A source who was being recruited for this Super CIA in the 1970s by an agent using the name Bueso Rosa told the Washington Weekly that the Super CIA was formed outside the United States and was funded in part by drug money.
"They were originally going to achieve self-sufficiency by dealing in drugs. But they were only going to do it long enough to get money together to start legitimate businesses and then they would stop that," the source says. But the drug importation at Mena, Arkansas to fund the covert CIA war in Nicaragua shows that drug smuggling continued up through the 1980s. And reporter Scott Wheeler says he has documentary evidence suggesting drug activity at Mena airport during the past year. He has documented arrivals of planes with non-registered tail numbers, suggesting illegal activity.
The corrupting influence of this Super CIA reached into the Justice Department, the FBI, the DEA, and other agencies. "I realized that the FBI was in on all that stuff. The FBI and the DEA - these guys are getting their take."
Reporter Danny Casolaro was tracing the tentacles of this Super CIA and referred to it as the Octopus when he was found dead in his hotel room in Martinsburg, West Virginia in 1991. "That's what it is, that's what the Super CIA is, it's the Octopus. It's just another name for the same thing," the source says.
But members of this Super CIA did not necessarily consider what they were doing as being wrong. "Bueso Rosa said that they consider themselves the real American patriots of this century. They were doing it to fight communism. Any means justified guaranteeing the continued existence of the U.S. form of government... smuggling drugs, counterfeiting, blackmailing, they assassinate people, they have accidents, they do anything that they need to do to get the job done."
The source also says that the Super CIA funded political campaigns both abroad and in the U.S. - even presidential campaigns. This corroborates the claim made by Terry Reed in his 1994 book "Compromised: Clinton, Bush and the CIA," where he asks: "Does the CIA sponsor candidates to the office of U.S. President? The answer is yes." Reed was referring to Bill Clinton, who facilitated the use of Mena airport for CIA activities.

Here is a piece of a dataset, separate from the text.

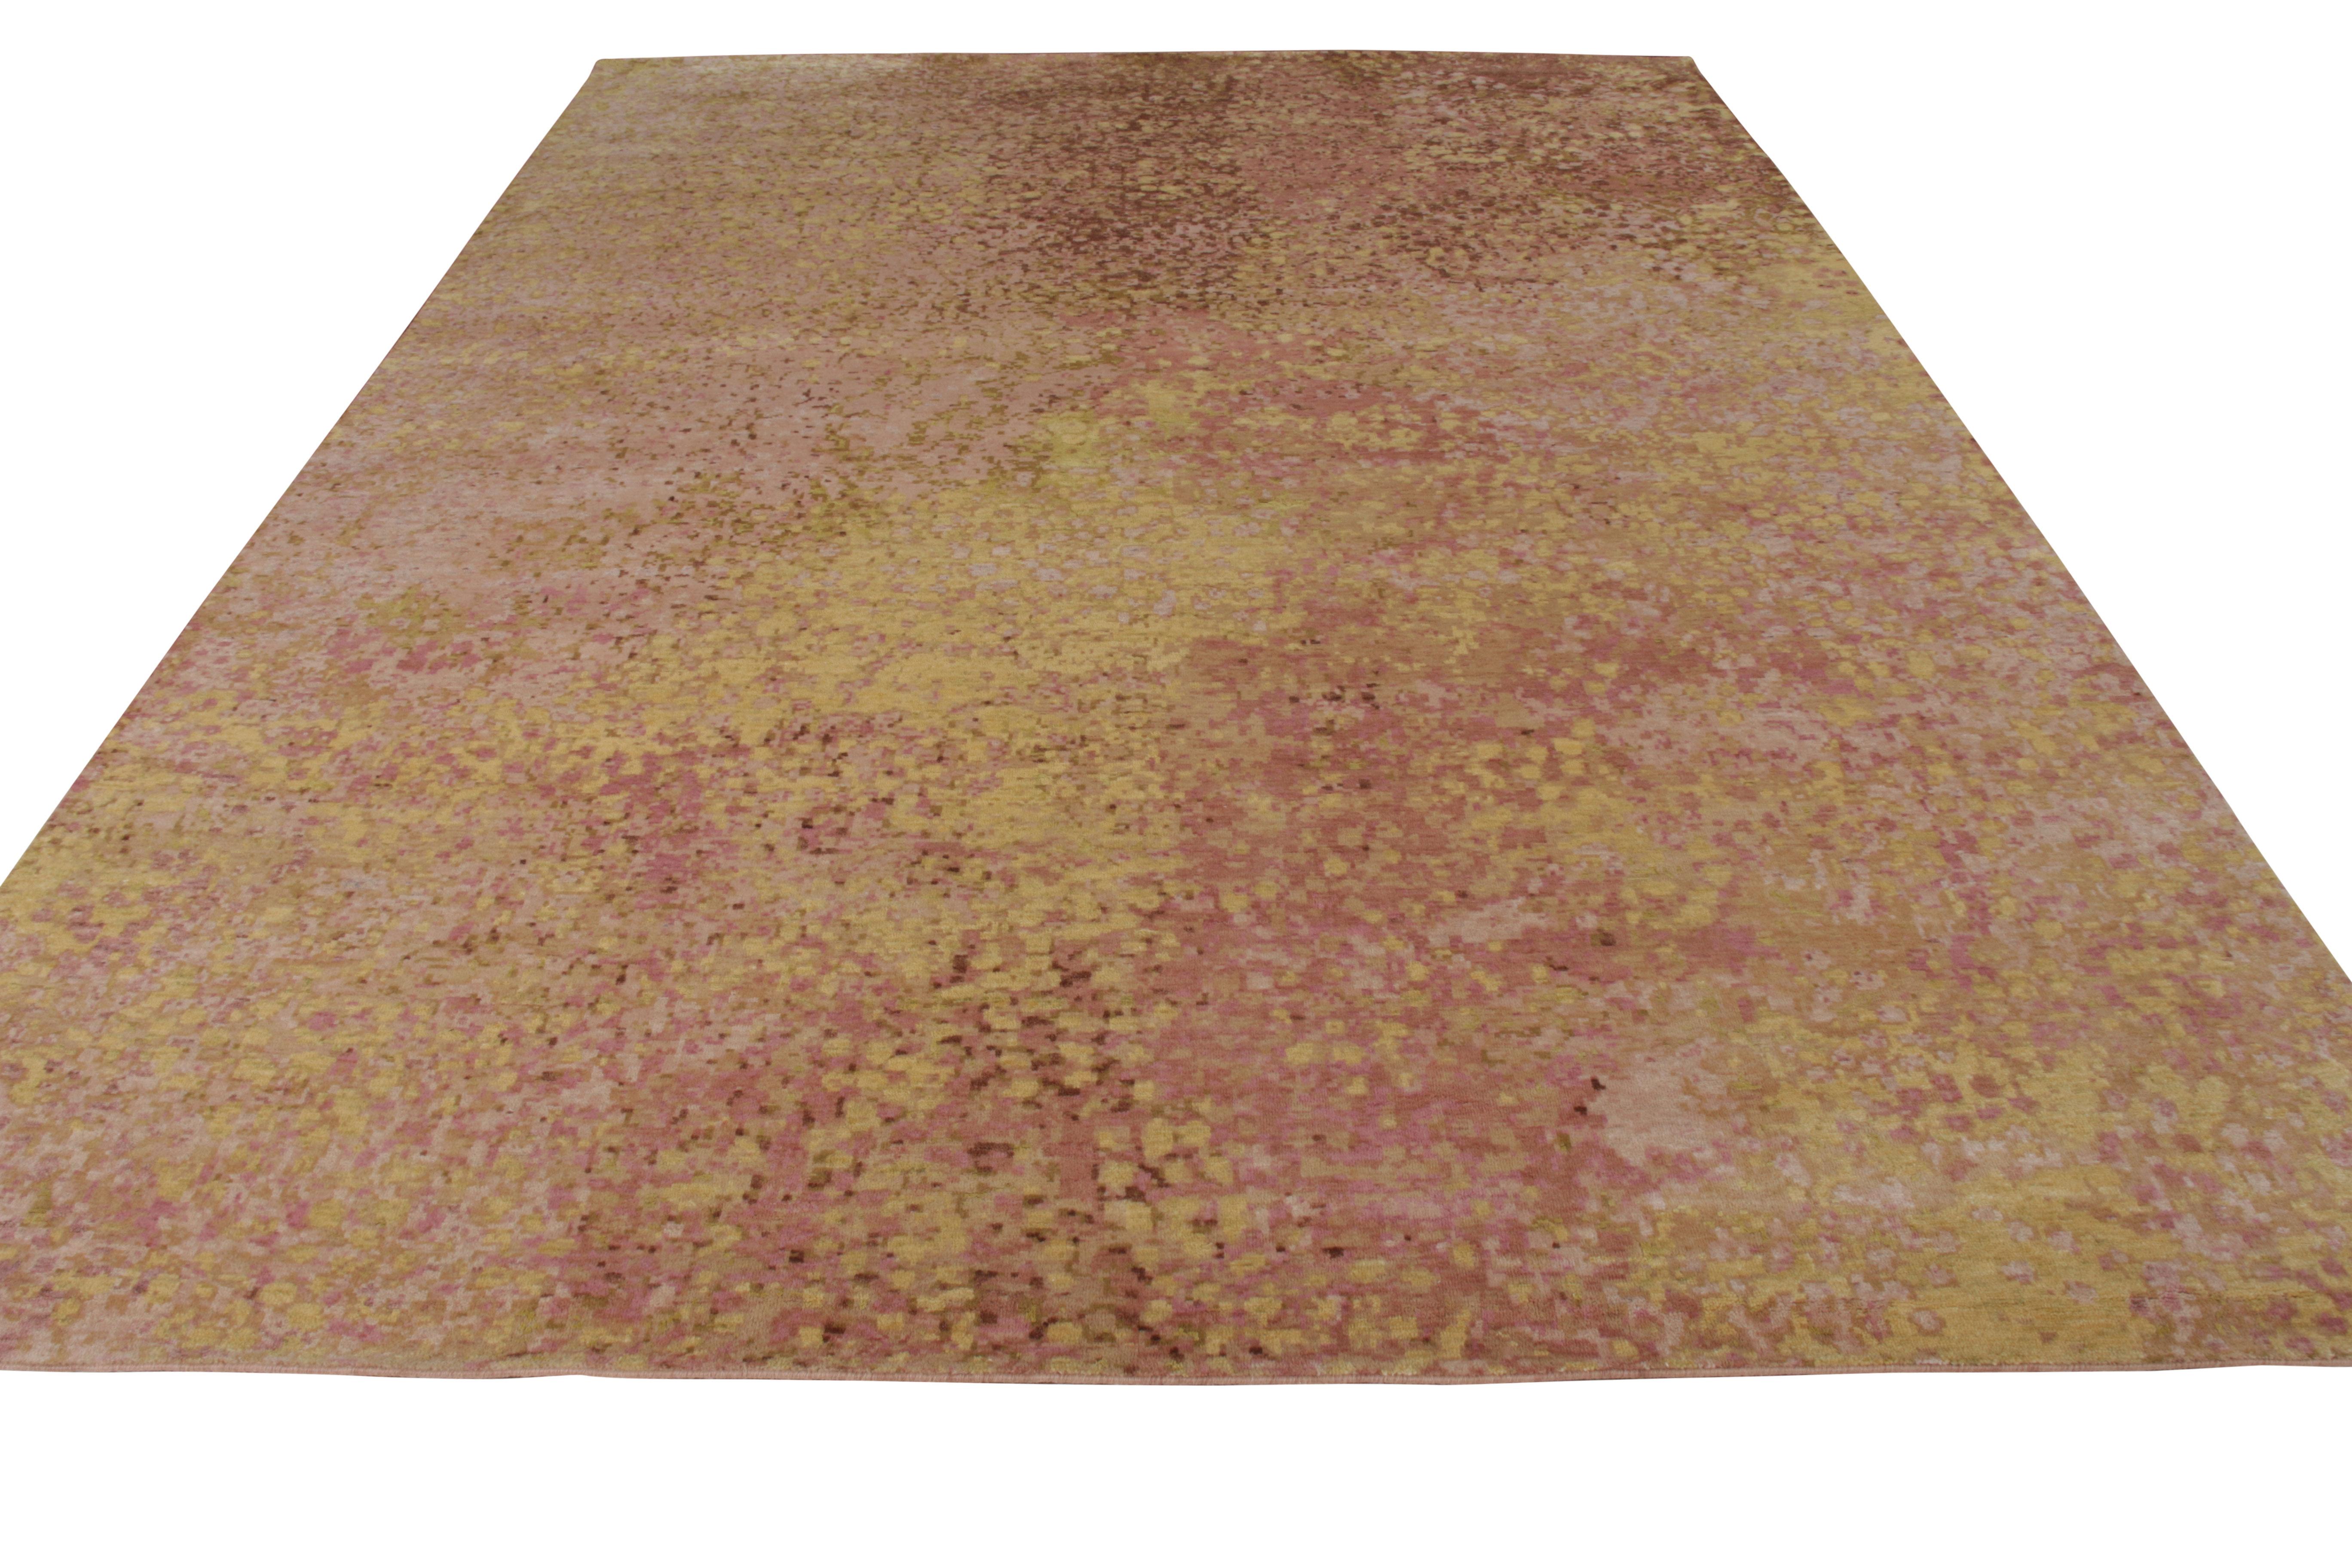 A 9 x 12 abstract rug in pink and gold, from the new Dots Collection by Rug & Kilim. Hand knotted in wool, enjoying a modern take on layered patterns for a unique look of dimensionality and movement.

On the design: This particular dots rug

We may be seeing the latest tentacle of this Super CIA right before our eyes. The string of announced retirements by Congressmen allegedly is caused by them being caught with stashes of money in foreign bank accounts. "People would not believe the number of U.S. Congressmen and Senators that have huge bank accounts in Grand Cayman Island," the source says. Reporter James Norman, who has made similar claims, told the Washington Weekly that the two Congressmen who announced their retirement last Monday, Toby Roth and Sam Gibbons, received manila envelopes exposing their secret accounts the weekend before. He says that three more envelopes were delivered last week.
[Published in the March 11, 1996 issue of the Washington Weekly]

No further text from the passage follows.